We first import the necessary functions and libraries. Note that, if you do not have some of these libraries (such as TensorFlow or Sklearn) in your Python environment, then you would need to install them beforehand.

import pandas as pd
import math

from tensorflow.keras.models import Sequential
from tensorflow.keras.layers import Dense

from tensorflow.keras.wrappers.scikit_learn import KerasClassifier

from sklearn.preprocessing import MinMaxScaler
from sklearn.model_selection import train_test_split

from sklearn.model_selection import GridSearchCV, RandomizedSearchCV

As you can see that above, we have imported the required Keras models and layers from Google's TensorFlow module. You can also install the simple Keras module instead of the TensorFlow module as per your requirement. Also note that we imported the KerasClassifier which allows us to wrap Keras models into scikit_learn models. Further, we also imported the GridSearchCV method.

Next we read the diabetes dataset and create the data-frames for the feature matrix (X) and the response vector (y).

names = ['preg', 'plas', 'pres', 'skin', 'test', 'mass', 'pedi', 'age', 'class']
df_diabetes = pd.read_csv('diabetes.csv', names = names)

df_diabetes.head() #To visually inspect the dataframe
X = df_diabetes[['preg', 'plas', 'pres', 'skin', 'test', 'mass', 'pedi', 'age']]
y = df_diabetes['class']

We would need to normalize the input features so that they are on the same scale (between 0 and 1). This is so that the errors calculated for back-propagation, while training our neural network weights, are calculated from a similar scale of features. This would mean smaller initial errors compared to that from non-normalized feature data. Smaller scale of errors leads to faster convergence of the gradient descent when adjusting the weights using the chosen cost function. To normalize we use the MinMaxScaler. You may also use the StandardScaler for the same purpose.

scaler = MinMaxScaler(feature_range=[0, 1])
X_rescaled = scaler.fit_transform(X)
X = pd.DataFrame(data = X_rescaled, columns = ['preg', 'plas', 'pres', 'skin', 'test', 'mass', 'pedi', 'age'])

This is how our normalised features would look like. See that all our features have values between 0 and 1.

Next we convert our feature matrix (X) and response vector (y) to numpy matrix and vectors. This is a method from the new pandas library.

X= X.to_numpy()
y = y.to_numpy()

Function to vary number of nodes

Now we define a custom function to generate the number of nodes for the hidden layers, by linearly varying the number of nodes between the supplied values for the outermost hidden layers.
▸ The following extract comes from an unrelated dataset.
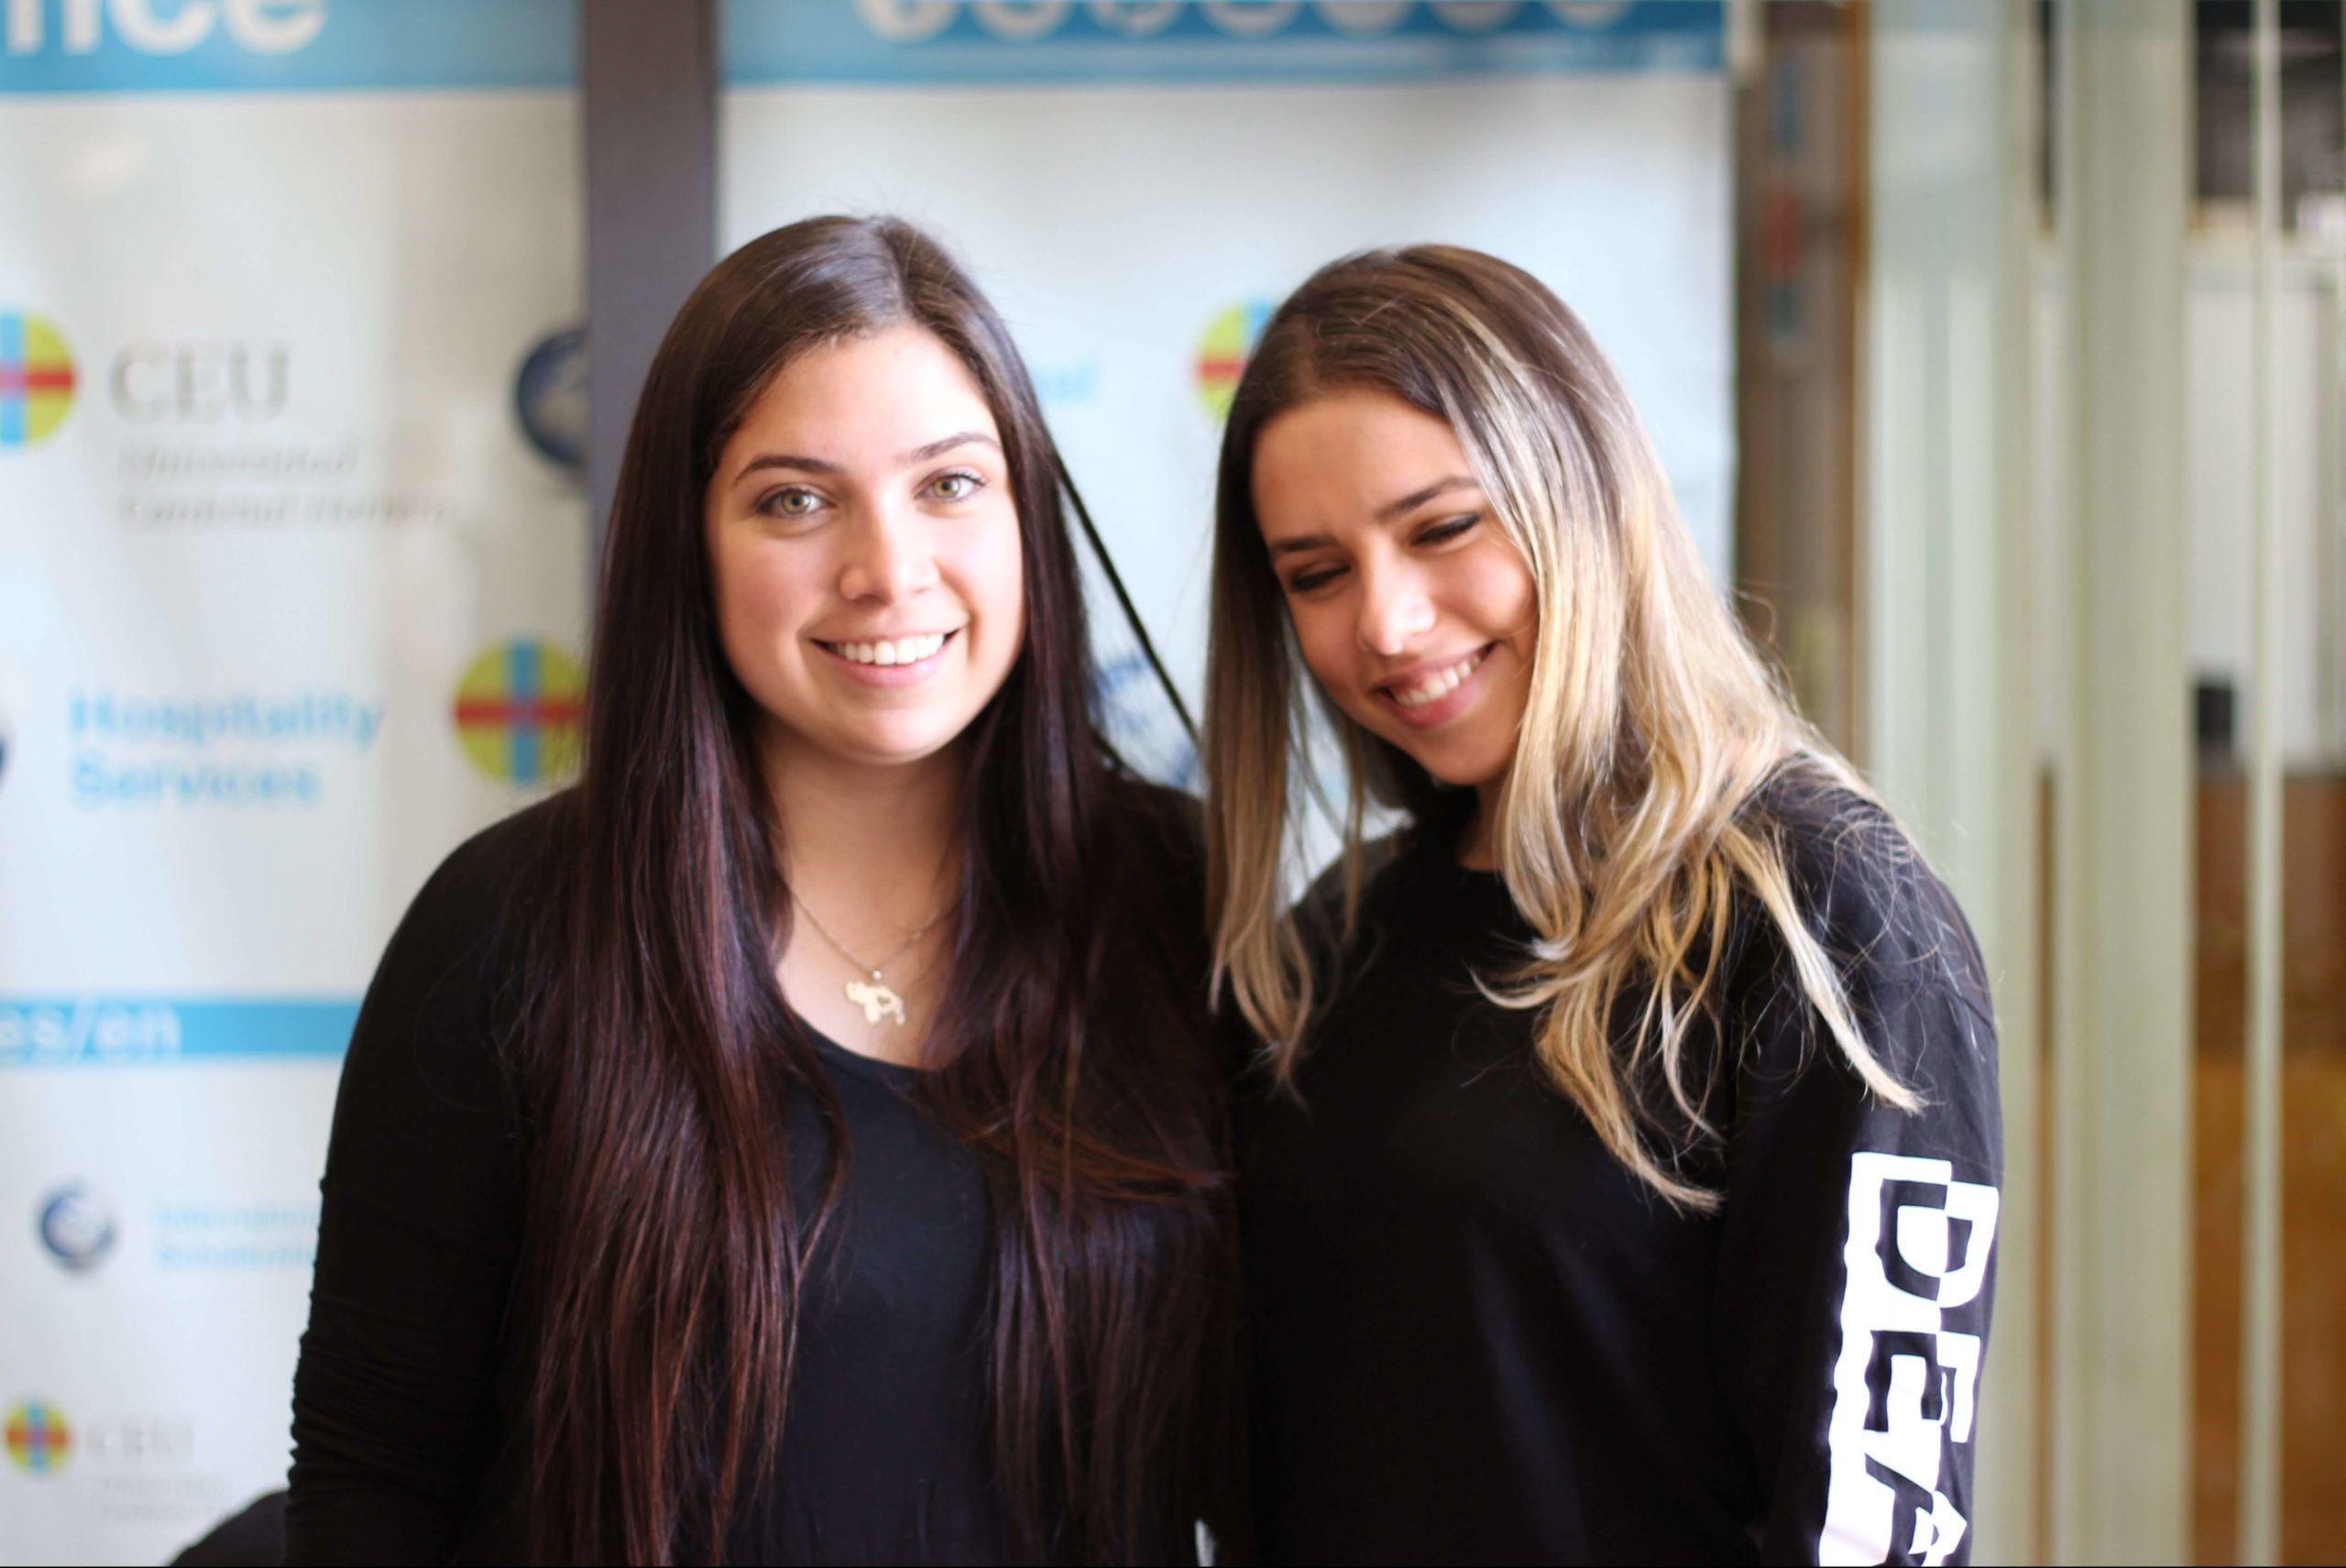 Maite and Andrea, both from Venezuela, finally met at CEU!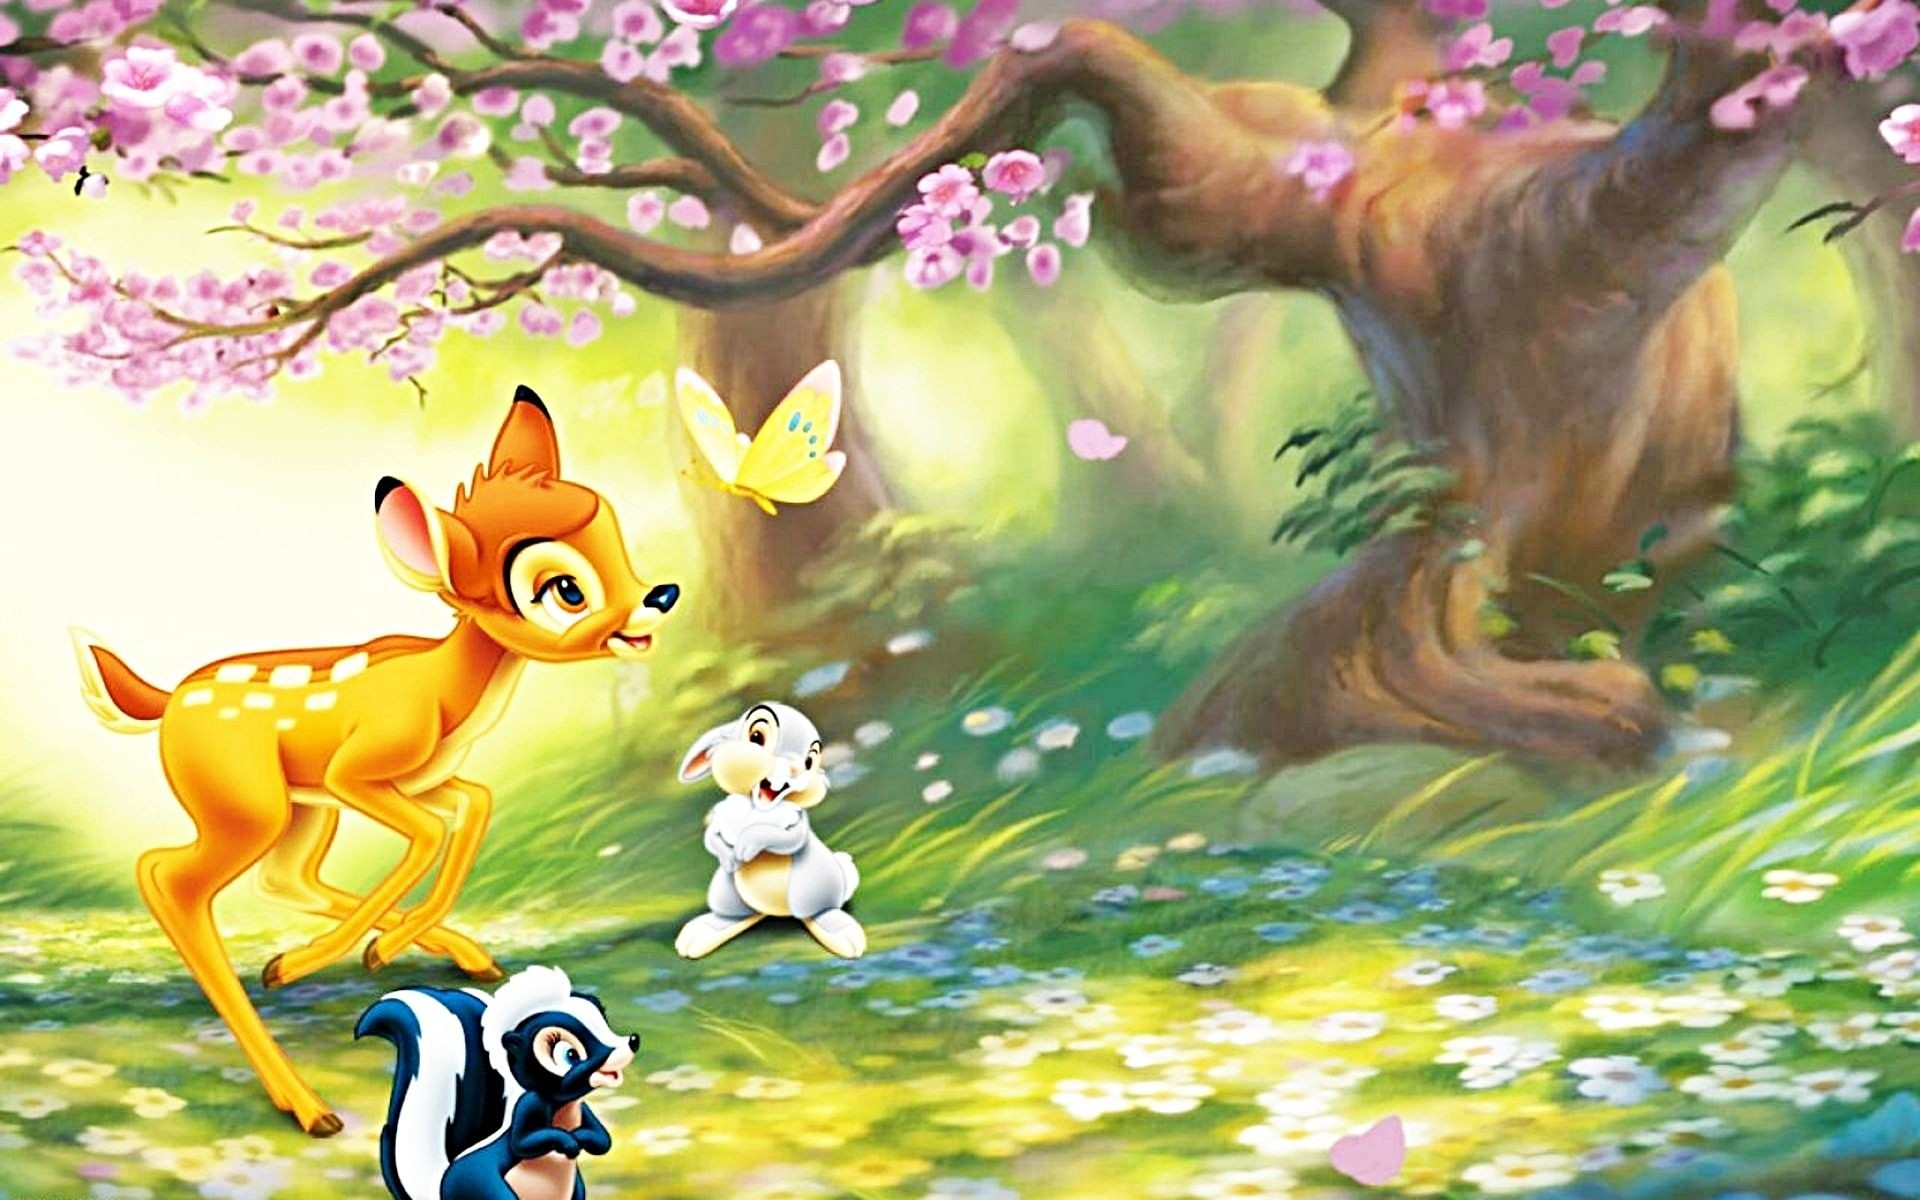 Res: 1920x1200, 15593) Disney Character HD Desktop Background Wallpaper - WalOps.com

def FindLayerNodesLinear(n_layers, first_layer_nodes, last_layer_nodes):
    layers = []
    nodes_increment = (last_layer_nodes - first_layer_nodes)/ (n_layers-1)
    nodes = first_layer_nodes
    for i in range(1, n_layers+1):
        nodes = nodes + nodes_increment
    return layers

To demonstrate how this function works see the outputs below. Say we have 5 hidden layers, and the outermost layers have 50 nodes and 10 nodes respectively. Then the middle 3 layers should have 40, 30, and 20 nodes respectively, if we want a linear decrease in the number of nodes.

FindLayerNodesLinear(5, 50, 10)
# Output
# [50, 40, 30, 20, 10]

It is also possible to keep the number of nodes constant (by keeping the number of nodes for the outermost layers equal). With this function, it is also possible to increase the number of nodes by keeping the number of nodes for the left outer hidden layer less than that of the right outer hidden layer, however, this is not advised.

Function to dynamically change model parameters

Next, we create a function which would allow us to vary the parameters of a tensor flow model by dynamically creating a new model based on given parameters.

def createmodel(n_layers, first_layer_nodes, last_layer_nodes, activation_func, loss_func):
    model = Sequential()
    n_nodes = FindLayerNodesLinear(n_layers, first_layer_nodes, last_layer_nodes)
    for i in range(1, n_layers):
        if i==1:
            model.add(Dense(first_layer_nodes, input_dim=X_train.shape[1], activation=activation_func))
            model.add(Dense(n_nodes[i-1], activation=activation_func))
    #Finally, the output layer should have a single node in binary classification
    model.add(Dense(1, activation=activation_func))
    model.compile(optimizer='adam', loss=loss_func, metrics = ["accuracy"]) #note: metrics could also be 'mse'
    return model

##Wrap model into scikit-learn
model =  KerasClassifier(build_fn=createmodel, verbose = False)  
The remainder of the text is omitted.